I am quite new beekeeper. I use dadant frames and have 20 colonies. Started beekeeping 3 years ago to save my life from spending it all in front of computer 

Also I wrote beekeeper manager http://apiaryfu.com it is free and comments welcome 

Best,
Marek


----------



## BSAChris (Jun 2, 2012)

Cześć Marek!
I live in a very Polish part of Wisconsin, in the northcentral part of the USA. At my son's school tomorrow they have "Polish days!" celebration! I live in a house built by two old Polish immigrants. So I'm happy to see you 

If you are so new, how do you already have 20 colonies? That's a lot! I am new too, with only 4 colonies.
Welcome
Chris


----------



## Jon B (Apr 24, 2013)

Welcome to beesource.com. I just started using this website this year and enjoy reading about all the different ways beekeepers work with their hives. I have learned many new ideas that I will be trying out with my on hives. Best of luck in your beekeeping venture.


----------



## fornve (May 22, 2013)

Hi Chris,

> I live in a very Polish part of Wisconsin, in the northcentral part of the USA. At my son's school tomorrow they
> have "Polish days!" celebration! I live in a house built by two old Polish immigrants. So I'm happy to see you 

We have immigration in blood I think. Even I spent 6 years in UK, but finally back home 

> If you are so new, how do you already have 20 colonies? That's a lot! I am new too, with only 4 colonies.

I started from 4, then doubled it and doubled again  My father is a joiner so I just need to buy wood for hives, that makes cheap start.
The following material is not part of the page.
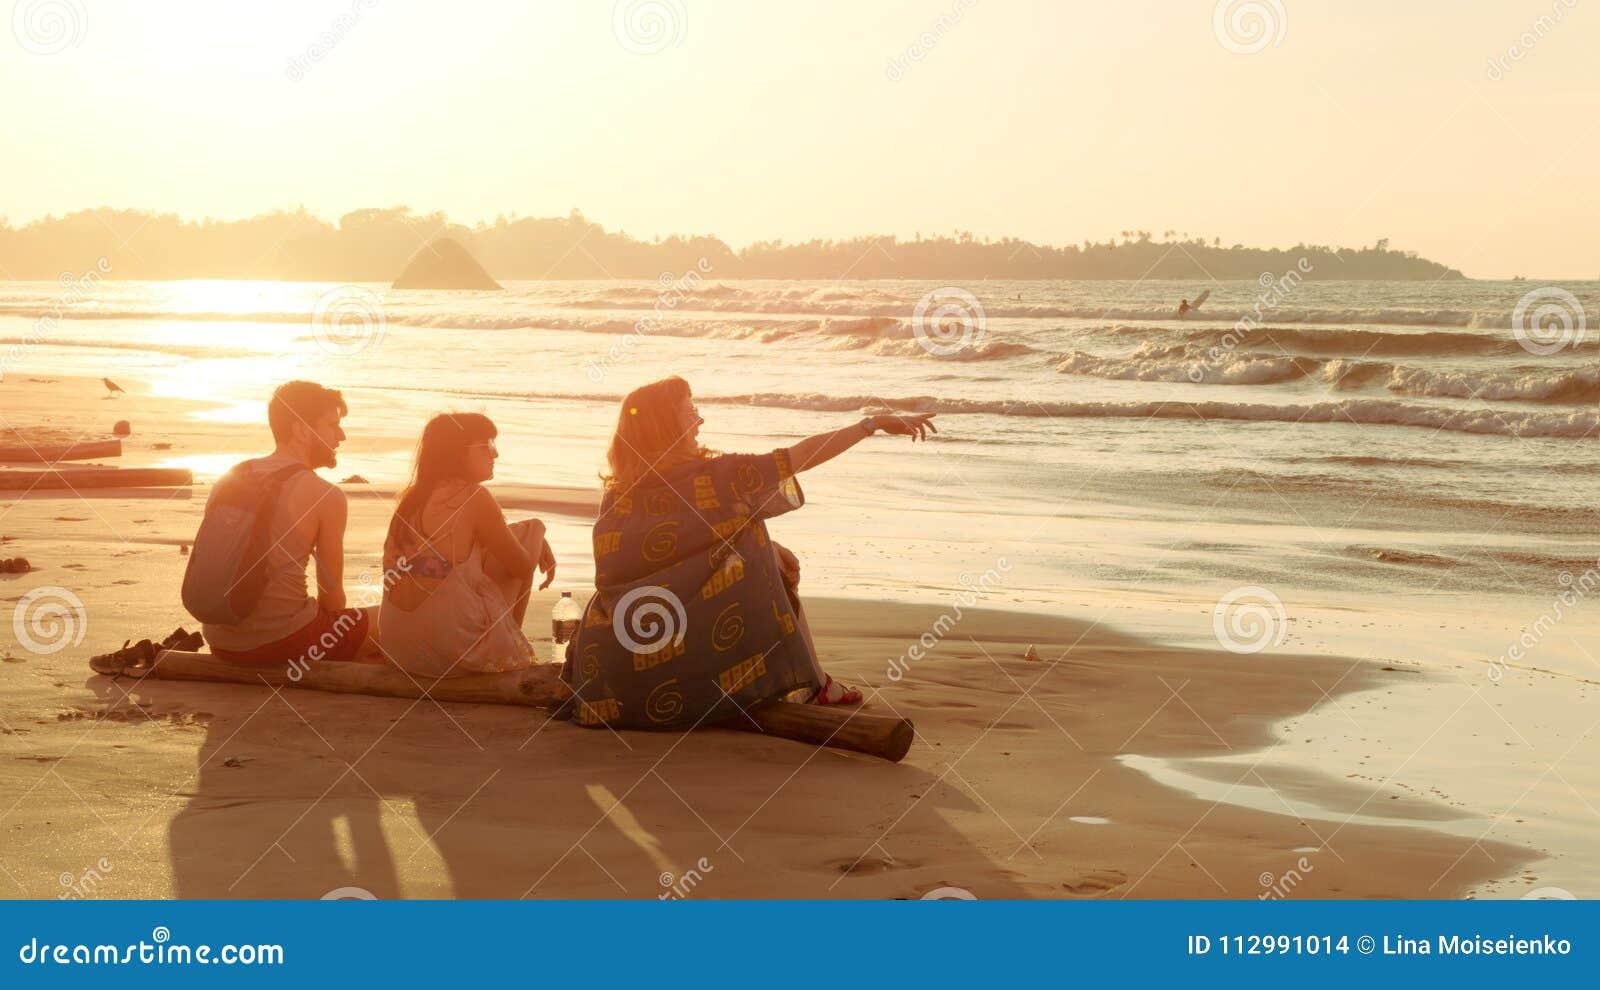 Vänner två unga kvinnor och mannen sitter på den tropiska sjösidastranden på solnedgången och ser vatten Sommartur, semester
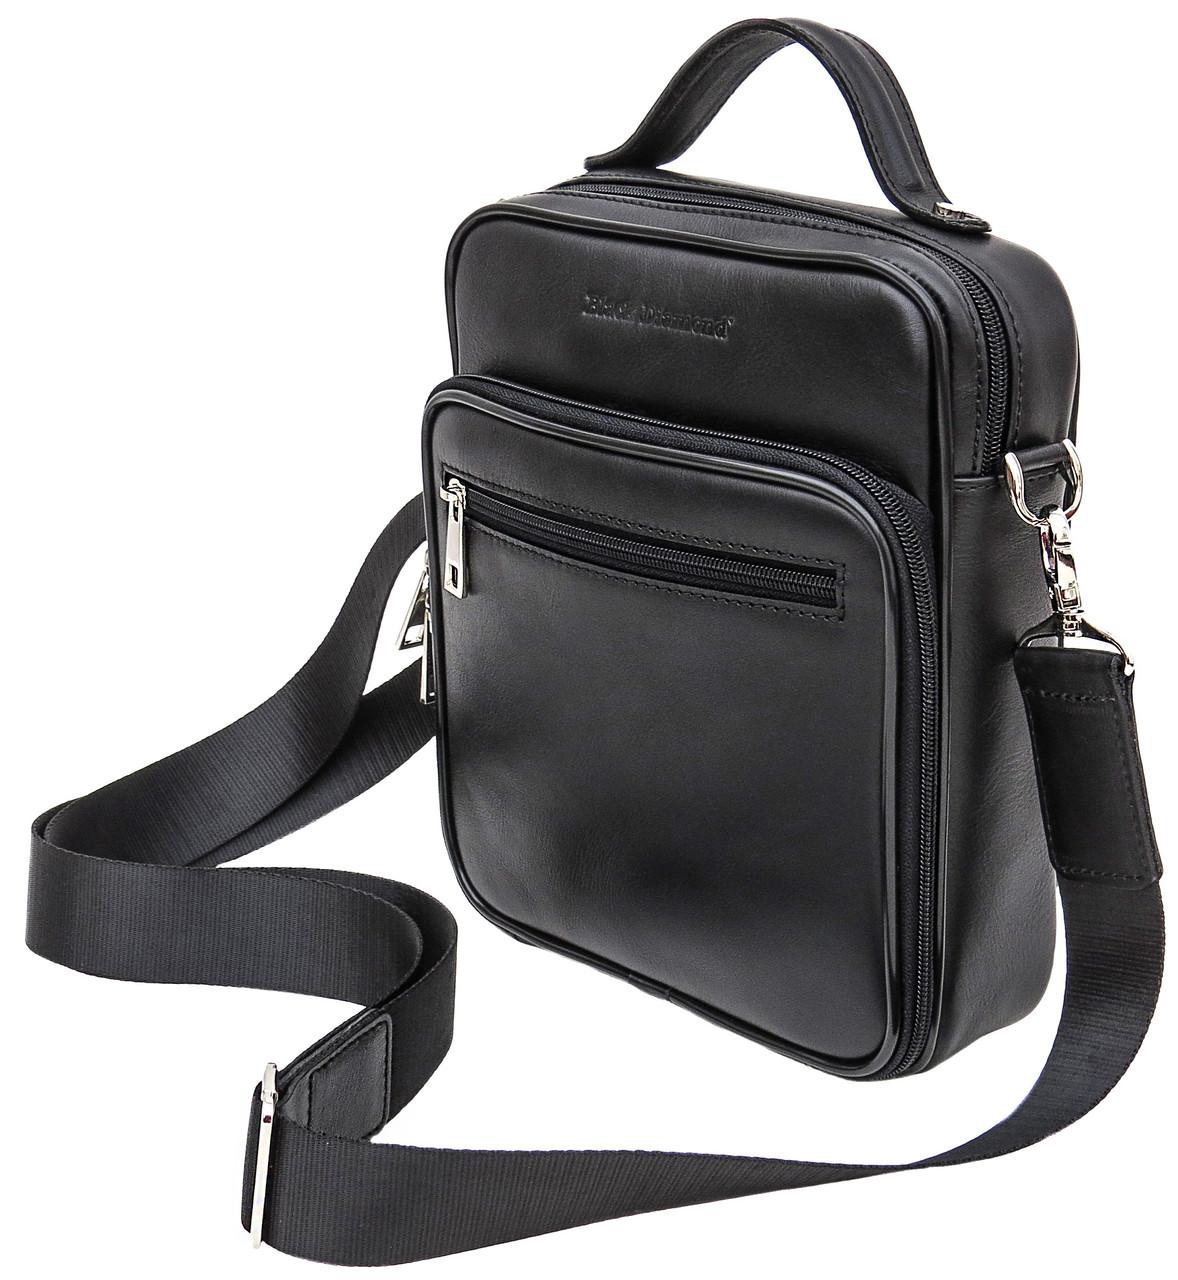 5051a3a6166f Мужская кожаная сумка Black Diamond BD45v2A: продажа, цена в ...

Even tried successfully queen breeding last year, next week will do the same again, it is much more easy than you think. 

Bees give so much excitement 

Best,
Marek


----------



## BSAChris (Jun 2, 2012)

Do you sell the queens you make, or do you use them to keep your own hives at top performance?


----------



## fornve (May 22, 2013)

> Do you sell the queens you make, or do you use them to keep your own hives at top performance?

I don't sell them, used only in my apiary and gave a few spare to my beekeeper friend.


----------



## AmericasBeekeeper (Jan 24, 2010)

Welcome Marek!


----------



## Lazer128 (Dec 15, 2012)

Welcome to the site!


----------



## efaure (Apr 30, 2012)

Welcome to the Forum!
Hay, wanted to ask, what do you think about the products form the Polish company: Łysoń? Have you used any of their products or equipment?
Greetings and welcome!
http://lyson.com.pl


----------